Monday, April 27, 2009

Mitigating web.config security vulnerabilities through scripting

After reading this post, .Net and Business Intelligence: Application Security Vulnerabilities in Web.config File, what occurred to me was all this could be mitigated by employing a strategy I refer to as composition scripting.

While I've done a bit with build automation I've also created NAnt scripts that I refer to as composition scripts. The purpose of a composition script is to automate all the tasks required to prepare an application for deployment. I've used them to create ClickOnce deployments, but for web applications a composition script generally grabs all the pages and binaries needed. But in addition to that, and this is the relevant bit, I make use of the XmlPeek and XmlPoke tasks to swap out web.config tags to use configuration values appropriate for the environment being composed.

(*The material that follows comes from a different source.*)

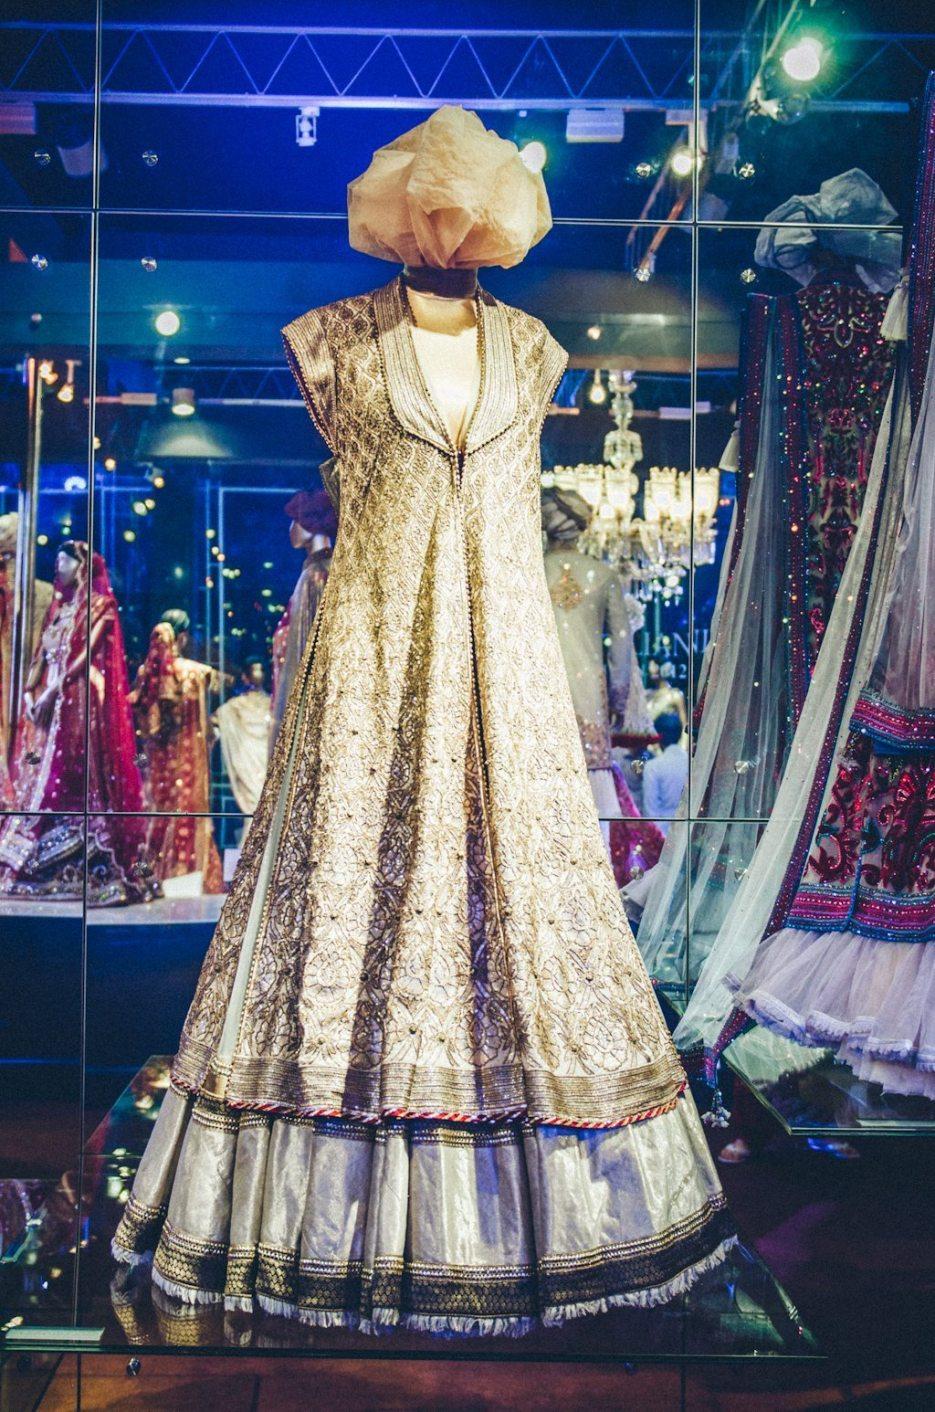 Tarun-Tahiliani-Bridal-Couture-Wedding-Wear-Fashion-Designer-Photographer-Naina-Knottytales-43.jpg

You see, my script accepts a parameter called Target.Environment. The acceptable values for that parameter are QA, UAT, PROD - quality assurance, user acceptance testing and production, respectively. (Where's development, you may ask? Well, that's the default state of the web.config in the source code repository). Along side the web.config I have a few files named, web.config.uat and These are not repeats of the entire web.config file, though, but rather are the configuration values that need to change from environment to environment. These are the values swapped into the config using XmlPeek and XmlPoke.

Note: I believe a composition script should not recompile the application. It should compose the application deployment using the same pages and binaries as the application progresses from QA testing to UA testing and into production. This ensures the application being deployed is the same application which underwent testing.

So using composition scripts it's easy to mitigate the 10 security risks identified in the article.